Unpacking the Doc Fix

If you blinked on Thursday, you might’ve missed the House passing the latest Medicare’doc fix’ (see here for its 30-seconds of deliberation).

After posting the bill in the wee hours of Wednesday morning, House leaders faced opposition over its stop-gap approach and some of the cuts employed to offset the cost of the bill. With some arm-twisting, they managed to suppress objections for the handful of seconds necessary to hammer the gavel and call it done.

The Senate is due to take the bill up Monday evening, and it is highly likely to pass (this time it should actually get a vote). Since it is about to become the law of the land, let’s take a look at what’s inside. There’s a little slice of fun in here for everyone.

First and, theoretically, foremost, the bill blocks the pending cuts to doctors under the long-broken Sustainable Growth Rate (SGR)  formula. It would maintain existing physician pay rates for another twelve months, through March 31, 2015.

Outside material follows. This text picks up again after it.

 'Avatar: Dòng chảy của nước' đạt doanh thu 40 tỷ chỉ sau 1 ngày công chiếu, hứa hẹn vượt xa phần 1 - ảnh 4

Not coincidentally, a vote to raise the debt limit will likely come due again at about that time.

Second, the bill continues, for a comparable period, the package of so-called Medicare extenders: a hodge podge of policies that boost payments in rural areas, suspend caps on certain benefits and other otherwise sunsetting policies that each have their niche constituencies. Many of these items have been reauthorized by Congress for over 15 years.

Third, the bill includes some new policies that put out fires of their own, or effectuate high priority programs for well-placed Members of Congress. These include:

  • An additional six month extension of the Two Midnights Rule, which drew a bright line distinction between presumptive inpatient and outpatient hospital stays but has created significant confusion and objections among many hospitals;
  • A one-year delay of ICD-10 implementation, to October 1, 2015 (this is the second time Congress has acted to delay ICD-10);
  • Elimination of the ACA cap on deductibles for employer-sponsored health plans; and
  • Two provisions aiming to improve mental health services, including the Excellence in Mental Health Act that, among other things, improves funding for community mental health centers.

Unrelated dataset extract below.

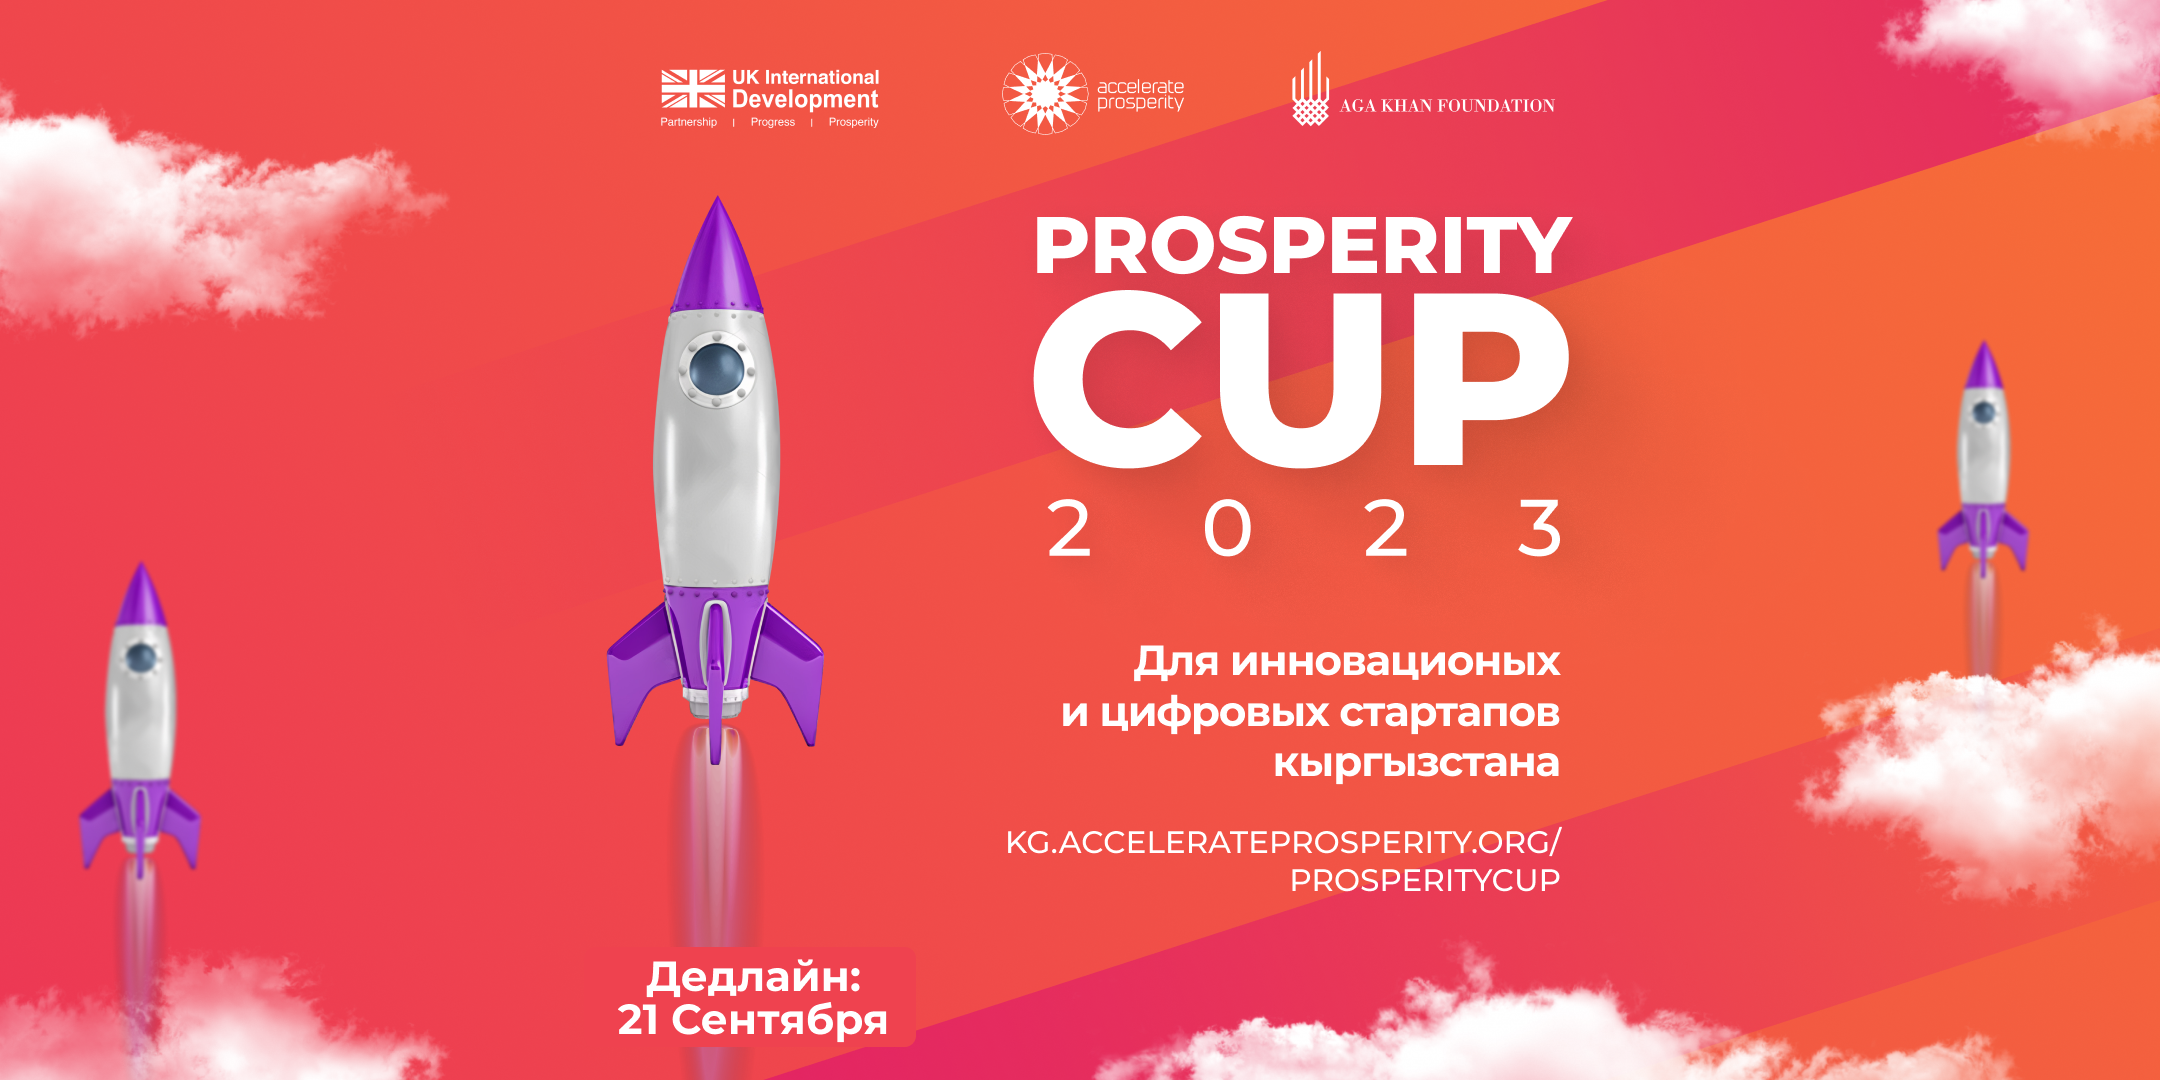 Начался прием заявок на ежегодный Prosperity Cup Kyrgyzstan

Woah, some of you are saying. Dial back to that 2nd bullet. While the transition to ICD-10 has been controversial since it was first proposed in 2005, just last month CMS Administrator Tavenner said there would be no more delays (last year, the Administration voluntarily delayed the program from 2013 to 2014).

Healthcare providers have been battening down the hatches and preparing for this colossal transition from ICD-9 and its 14,000 codes to ICD-10 and its 69,000. Word on the street is that the provision was included primarily to earn cred with specialty physician groups, whose support for the bill was in question for concern about other provisions (see the bullet re: misvalued – aka overvalued – codes below).

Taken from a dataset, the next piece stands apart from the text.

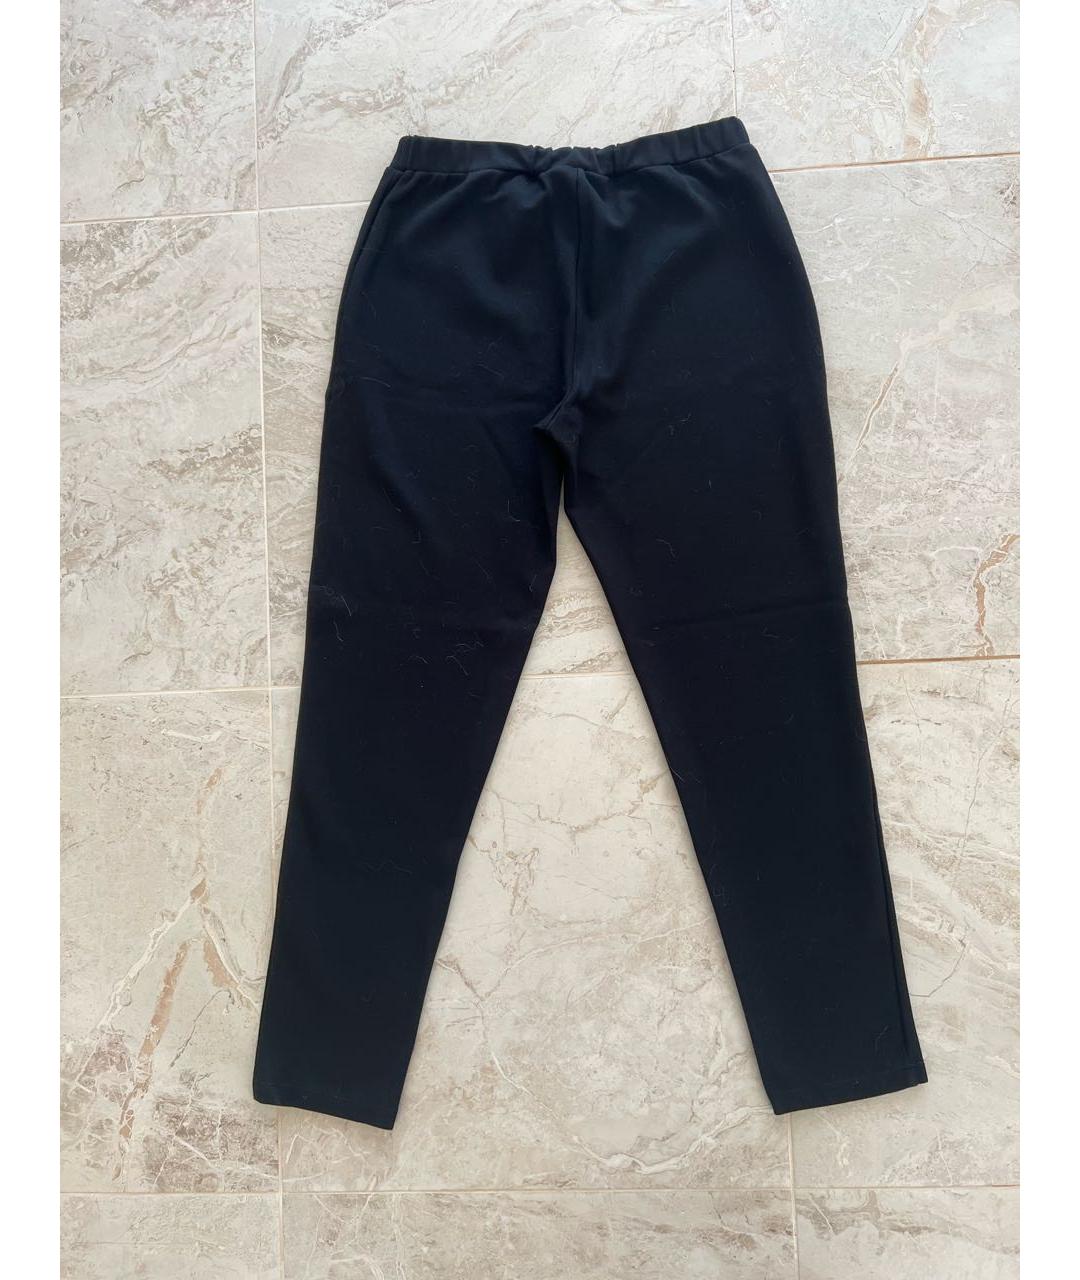 TWIN-SET Черные брюки и шорты, фото 2

Turns out, the specialty doc associations by and large opposed the bill anyway, and the healthcare sector is now left grappling with this unexpected turn.

Moving on. Last, but certainly not least, the doc fix includes pay-fors that fund the ~$20 billion cost of the package. While no one likes to get cut, it’s fair to say that most of these items have attracted at least some support from the sectors they impact, easing their pathway to passage:

  • Value-based purchasing for skilled nursing facilities, with  savings equating to 0.6% of payments ‘locked in’ to the program;
  • Cuts to clinical laboratory payments to more closely align them with commercial rates, which have historically trailed Medicare reimbursement considerably;
  • Delay of the inclusion of oral drugs in the bundled payment system for dialysis providers, with some additional cuts to providers that are offset by relief from rebasing policies included in the ATRA;
  • Cuts to physicians and hospitals that use older CT equipment and appropriate use criteria for advanced diagnostic imaging services;
  • Expanded authority and new requirements for CMS to cut overvalued codes under the physician fee schedule;
  • Extension of the ACA Medicaid DSH policy into 2024 (this one will likely be used into perpetuity as the budget window rolls into each new year); and
  • Rejiggering of the Medicare sequester to create more savings in 2024, while redeeming some ‘banked’ savings from the last sequester extension.

So there you have it. My previous posts have cataloged the slow, painful demise of the permanent SGR repeal and reform effort. Suffice it to say that, at least, Congress has made considerable progress in designing a new system to replace the old. It will now sit on a shelf until there is ever the will to agree on the substantial cuts necessary to pay for it.